The kilo is the international standard large silver bar, and it is where premiums bottom out. 1 kilo silver bars run roughly 3 to 6 percent over spot, among the lowest available for retail bullion, so buyers choosing this size are optimising for the lowest cost per gram rather than flexibility. The trade-off is that a kilo bar is an all-or-nothing sale; there is no partial liquidation.
What distinguishes the Imperium from polished competitors is the production method. The bars are made with a V-Cast (vacuum casting) process rather than machine striking, drawing molten silver into moulds under vacuum pressure. The result is consistent dimensions with an organic, rippled surface, and no two bars are identical.

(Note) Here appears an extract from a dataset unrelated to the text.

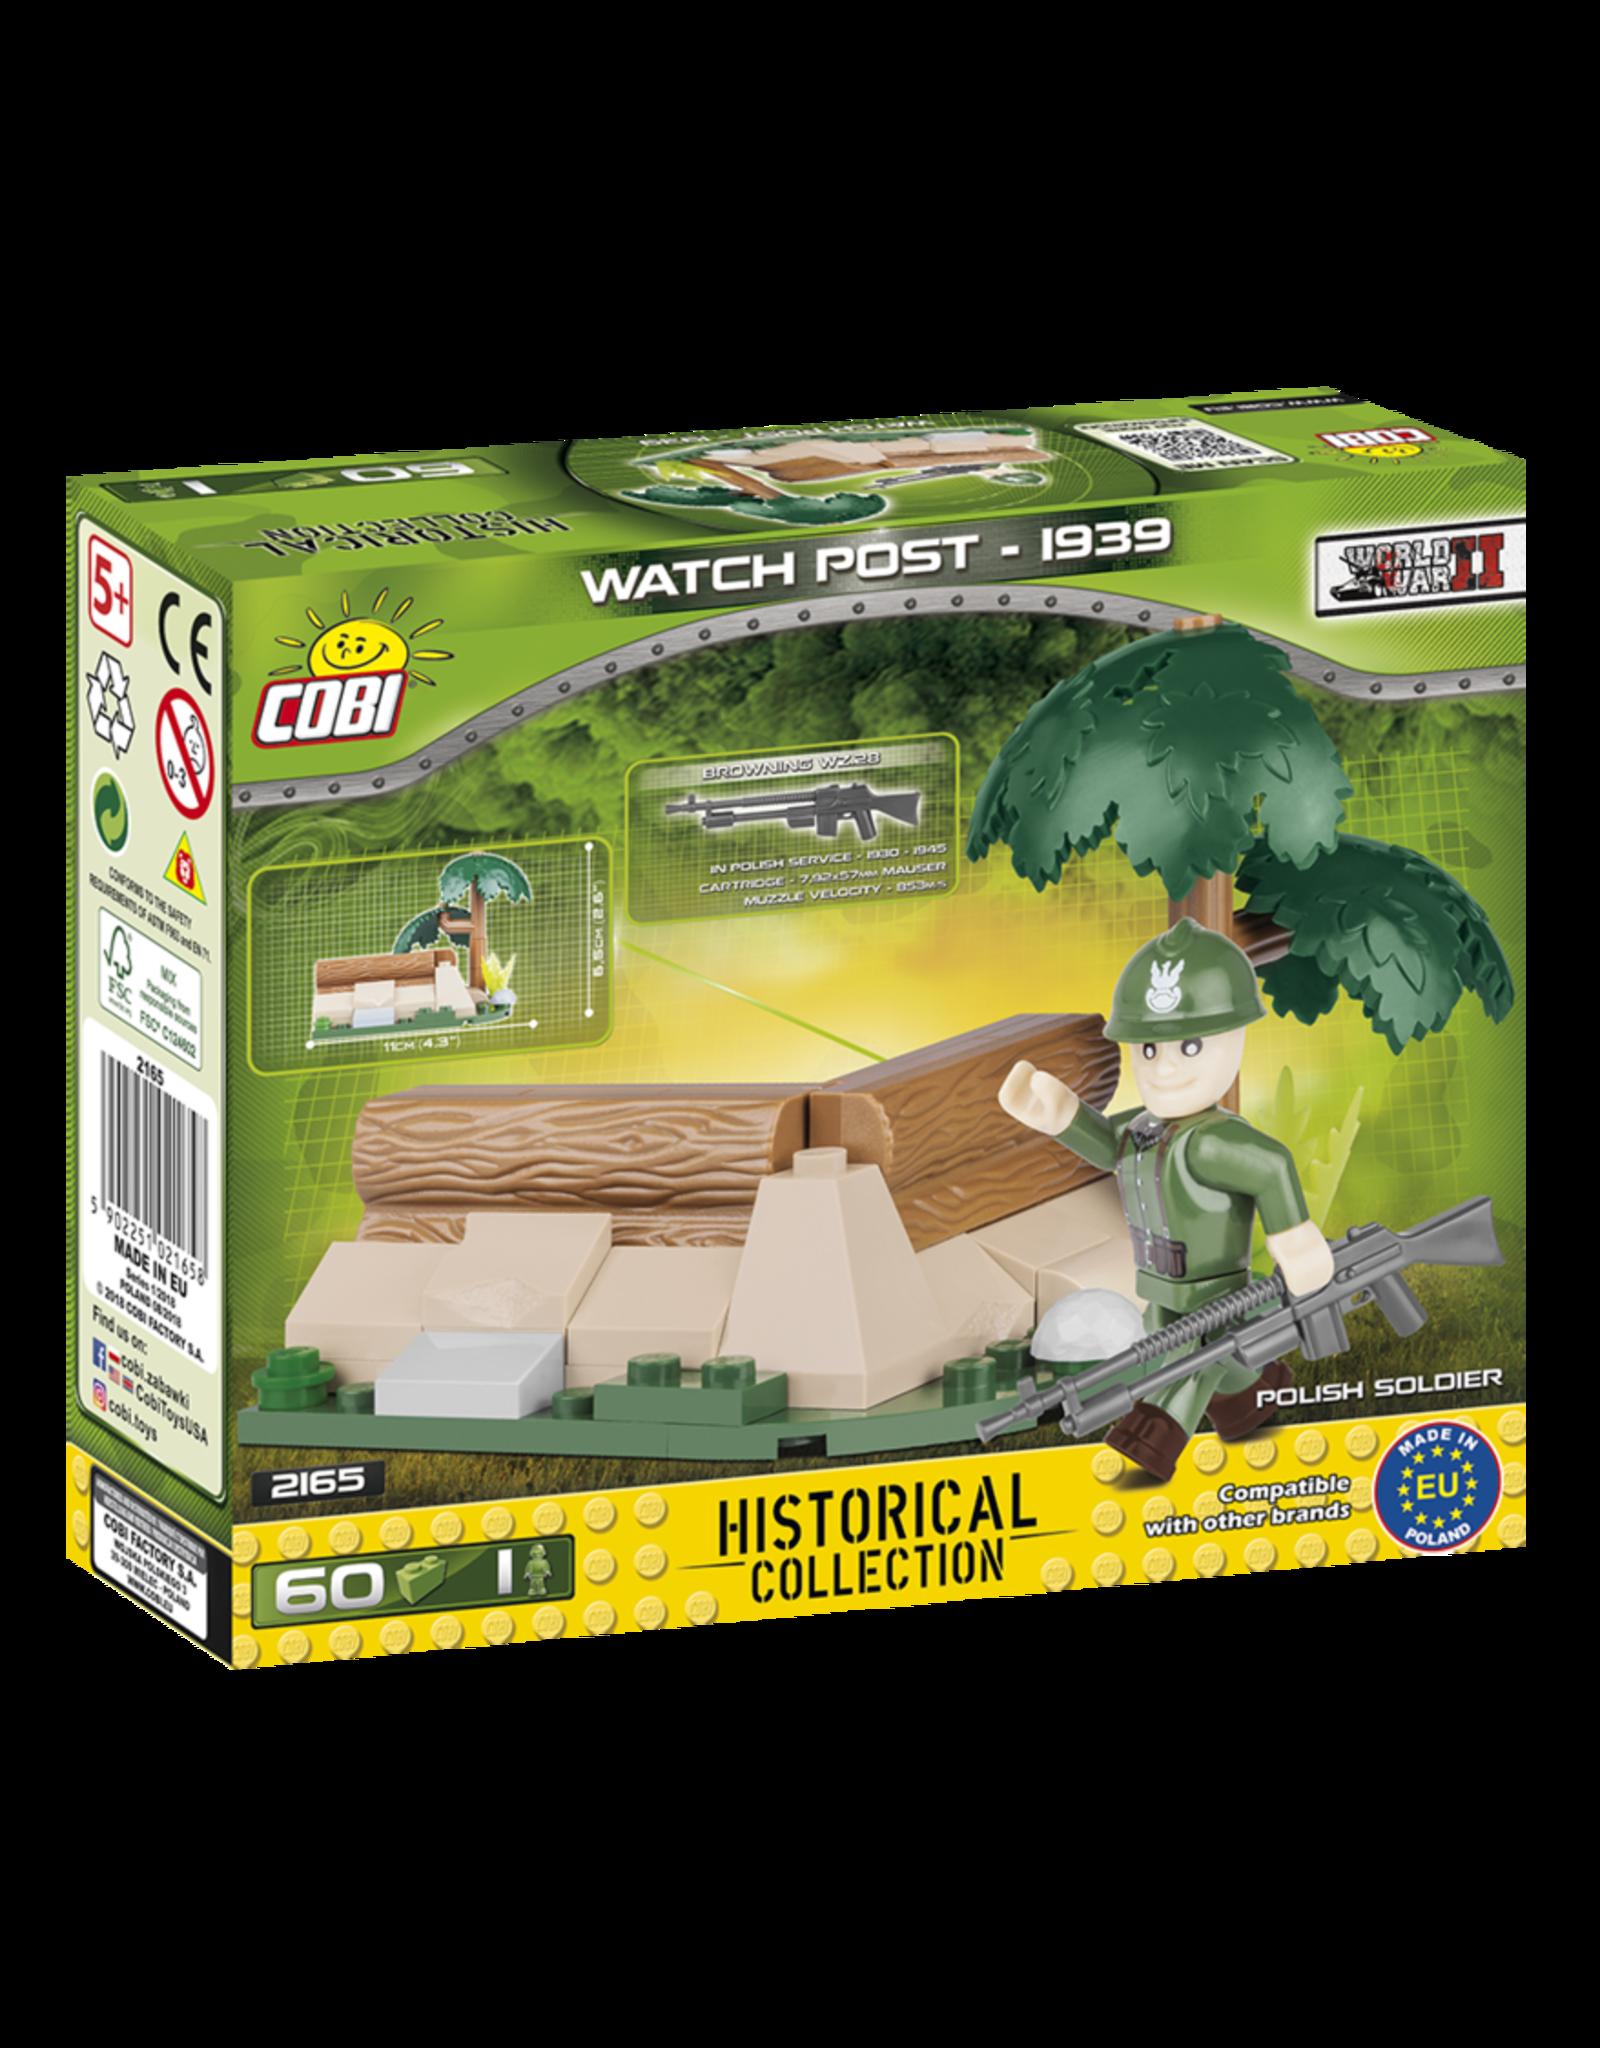 COBI COBI WW2 2165 - Watchpost 1939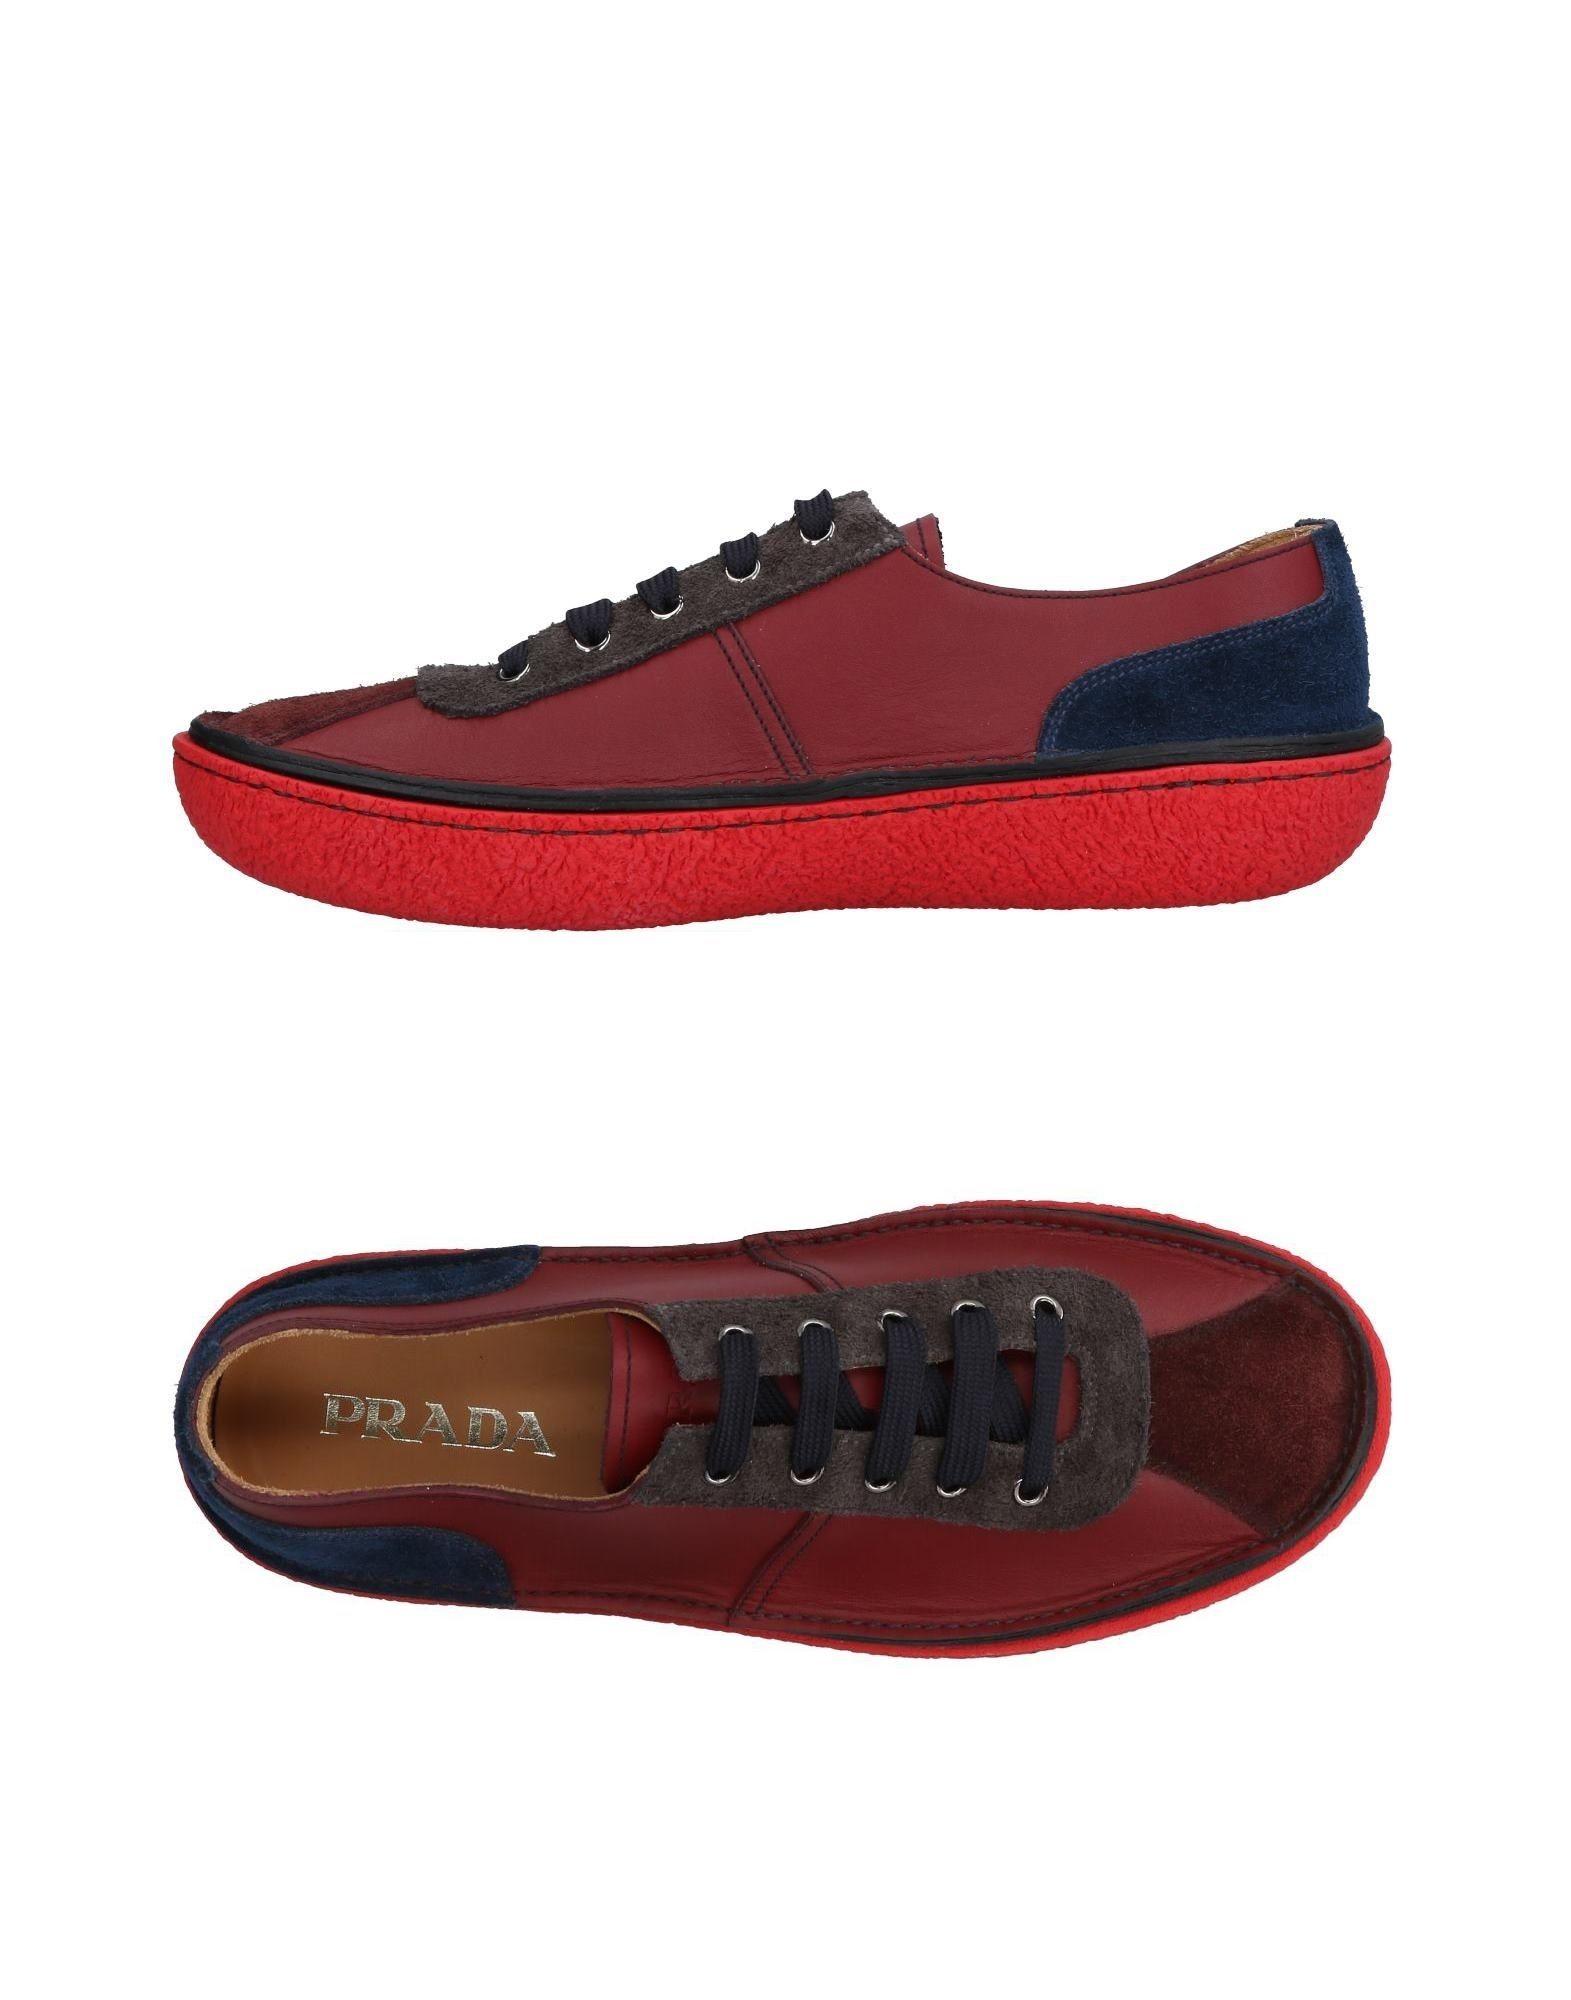 Prada Sneakers Herren  11484491UW Gute Qualität beliebte Schuhe

The reverse is deliberately left blank to show the raw cast silver, an aesthetic cast-bar collectors specifically seek out.
Imperium Collection Sizes and Specifications
The 1 kilo bar is the largest of five sizes in the Imperium Collection, all cast in .999 fine silver with the lion hallmark, Roman numeral designation, and weight and purity stamps on the obverse.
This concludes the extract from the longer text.